O que parecia o fim de uma história virou um recomeço improvável, quase um “milagre”. Nos últimos meses, o restaurante vegano Caravan of Dreams, no bairro East Village, em Nova York, enfrentava uma crise. Endividado, afetado por uma parceria malsucedida e pelas mudanças no perfil da vizinhança após a pandemia, o negócio mais antigo do segmento na cidade estava à beira de fechar as portas.
“Estávamos em risco real de quebrar”, afirmou o proprietário, Angel Moreno, de 76 anos, ao New York Post.
Com cerca de US$ 200 mil em dívidas (aproximadamente R$ 1 milhão) acumuladas entre aluguel, empréstimos e outros custos, Moreno chegou a cogitar transformar o restaurante em uma cooperativa ou organização sem fins lucrativos para sobreviver.
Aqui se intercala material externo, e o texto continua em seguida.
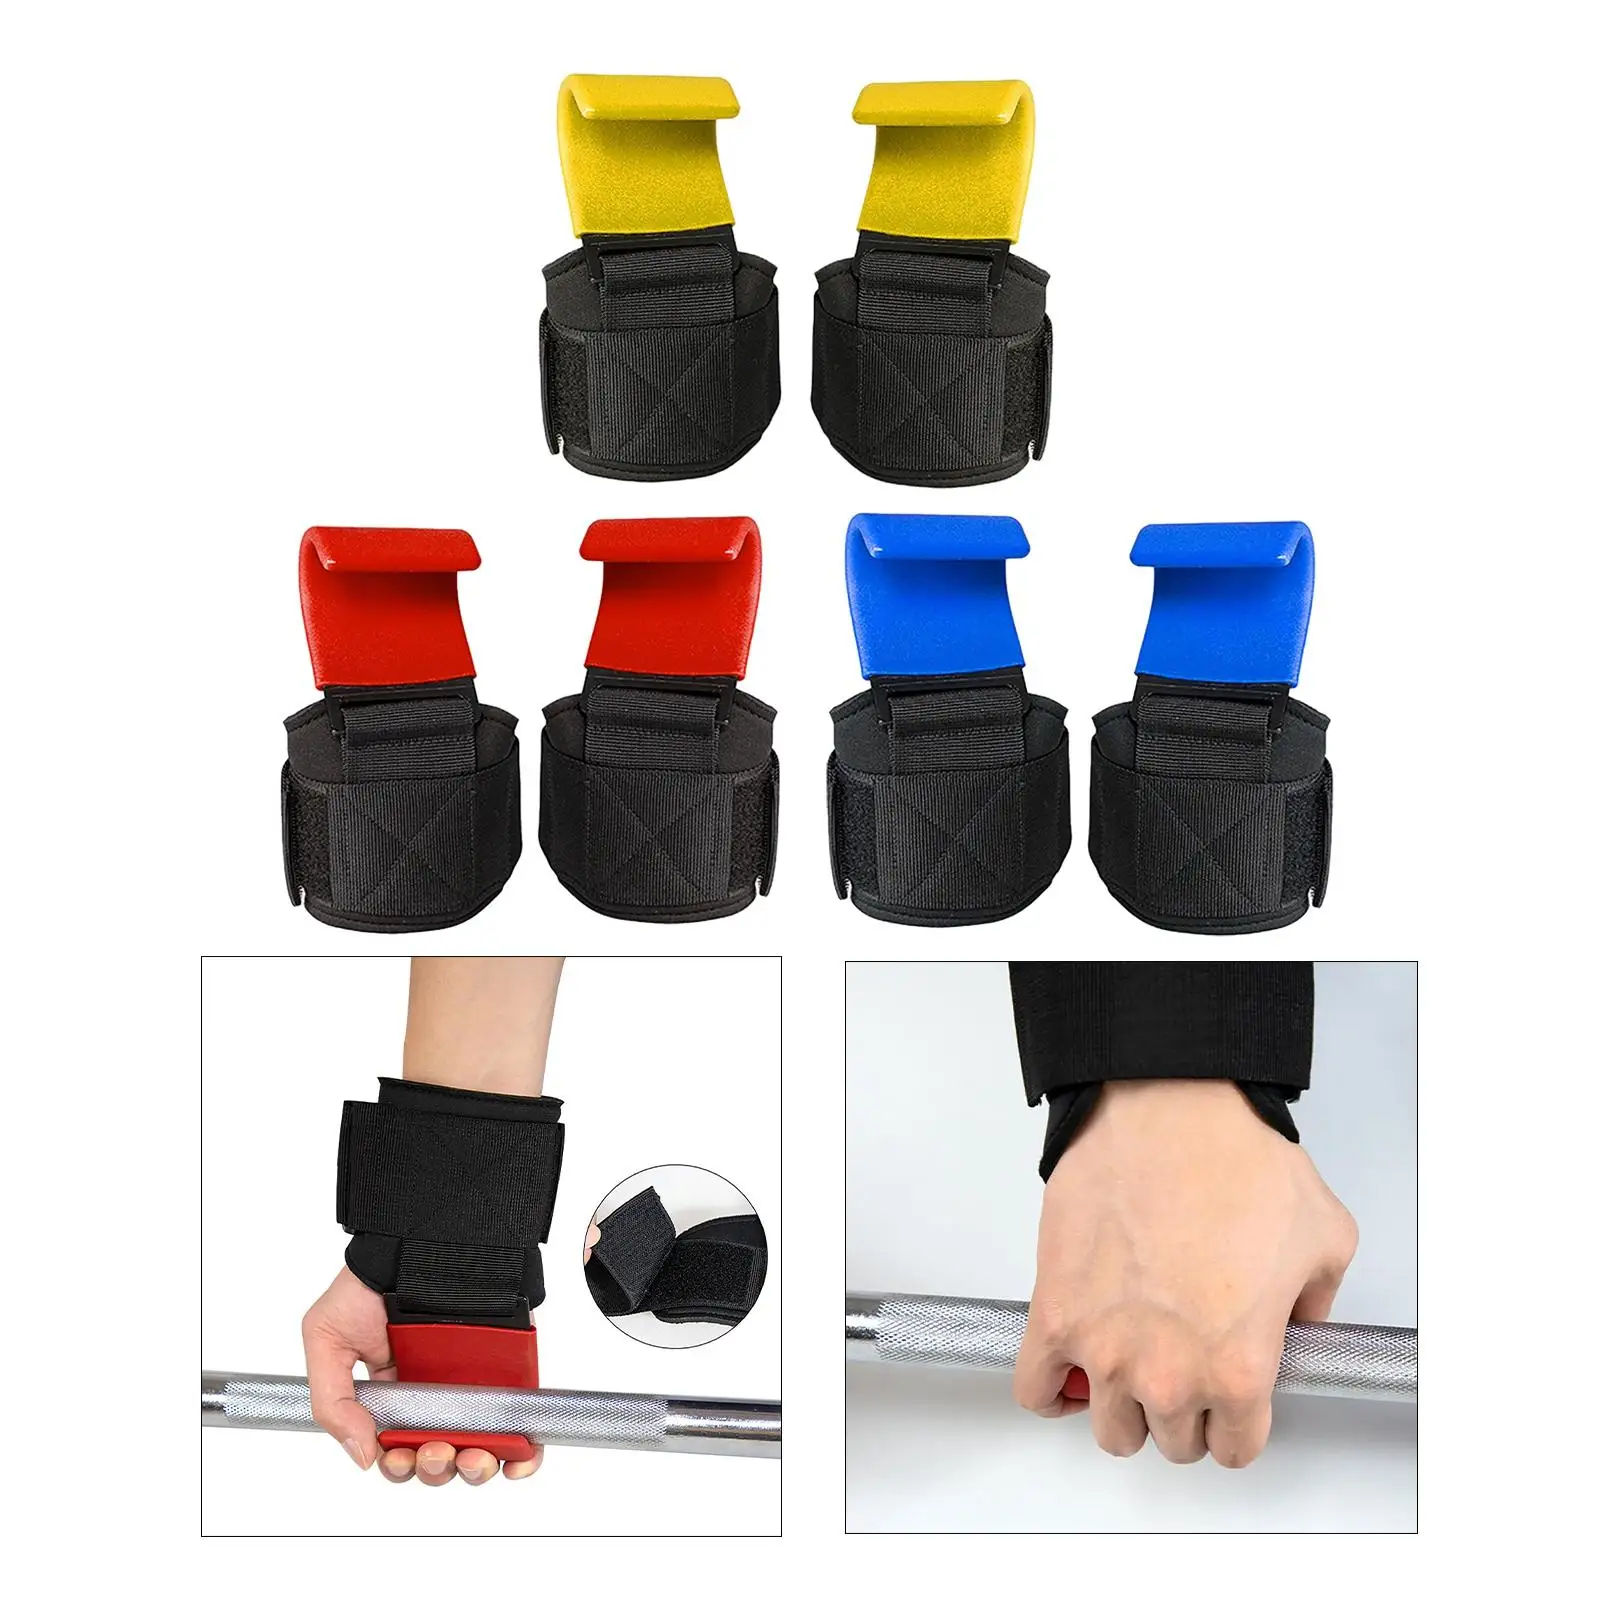 Weight Lifting Hooks Wrist Training Grips Straps for Deadlift Protective Gear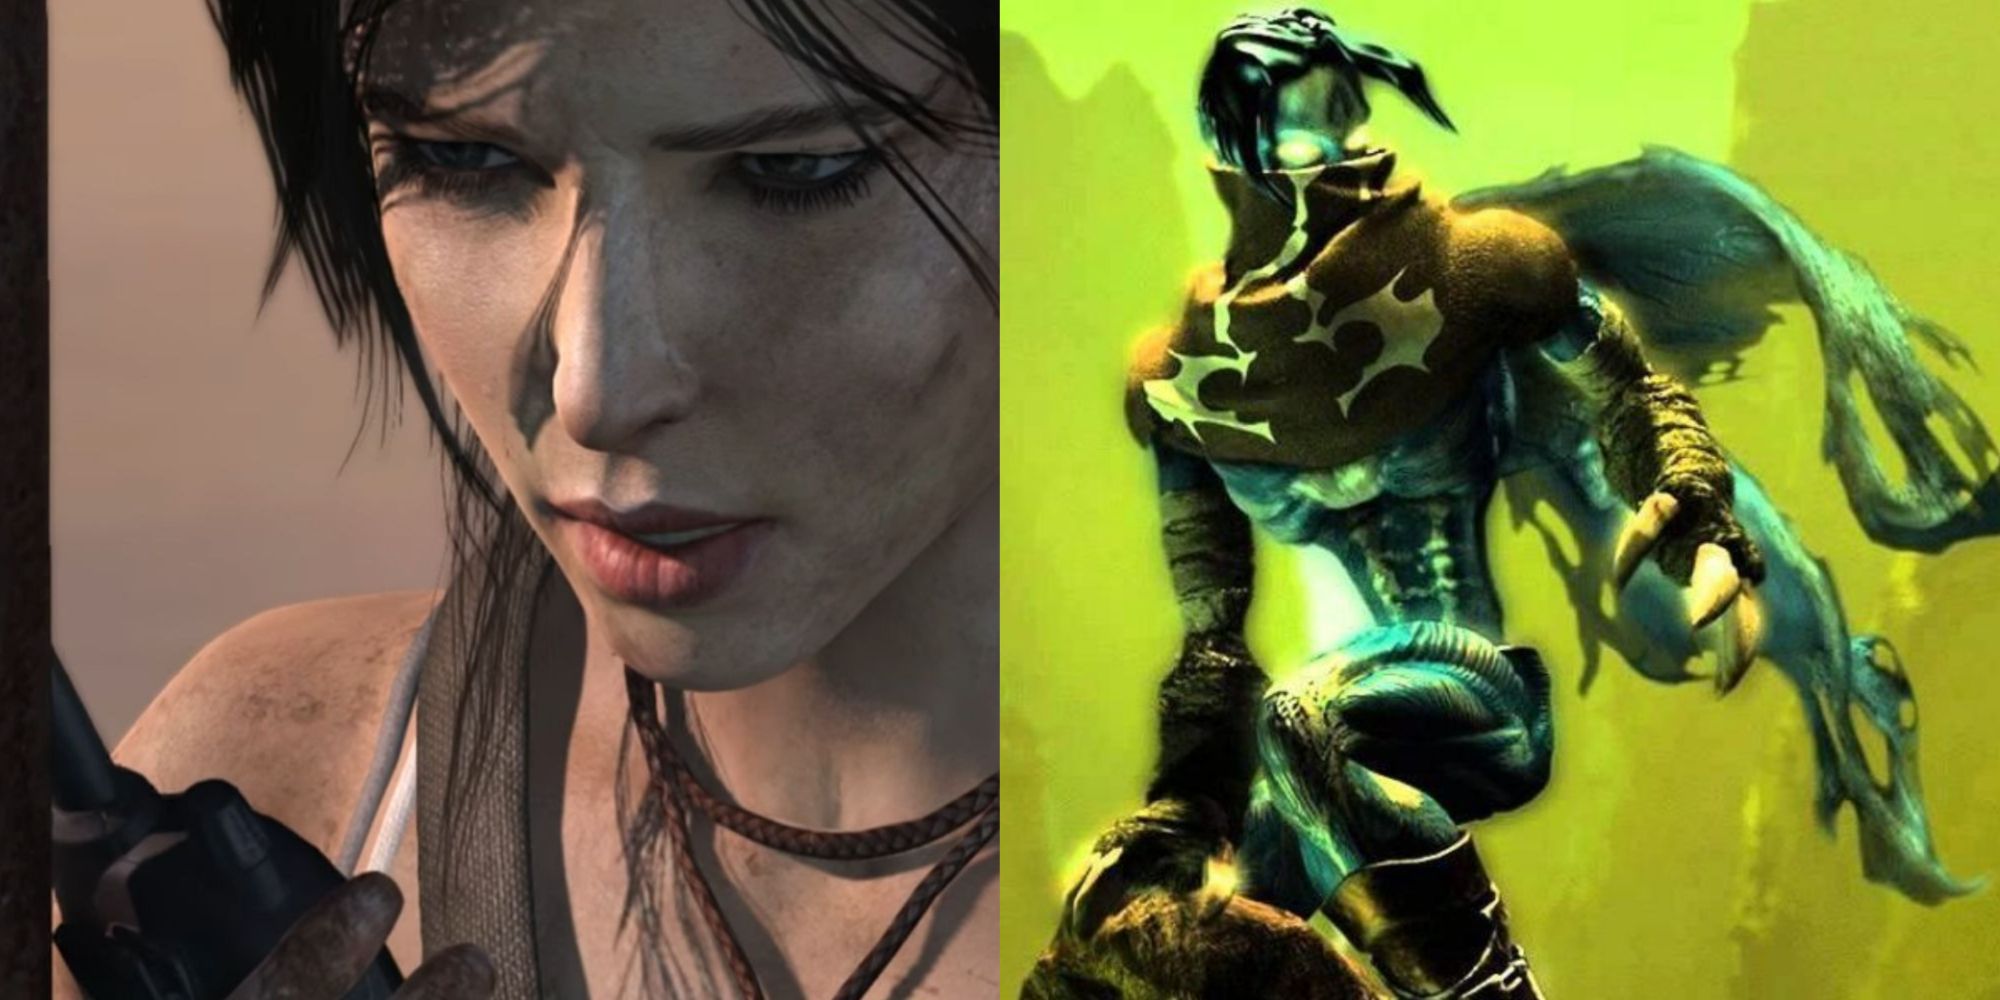 Crystal Dynamics Best Games Featured Split Image Tomb Raider and Soul Reaver

Foi então que surgiu uma reviravolta inesperada — e ela estava mais próxima do que ele imaginava.
Um cliente frequente da casa, Brandon Stanton, criador do projeto Humans of New York, decidiu contar a história do restaurante nas redes sociais após saber das dificuldades enfrentadas pelo dono. “Era um enigma para mim: a comida é excelente, o atendimento é ótimo, mas não havia movimento suficiente. Eu nunca entendi como o negócio se sustentava”, disse Stanton.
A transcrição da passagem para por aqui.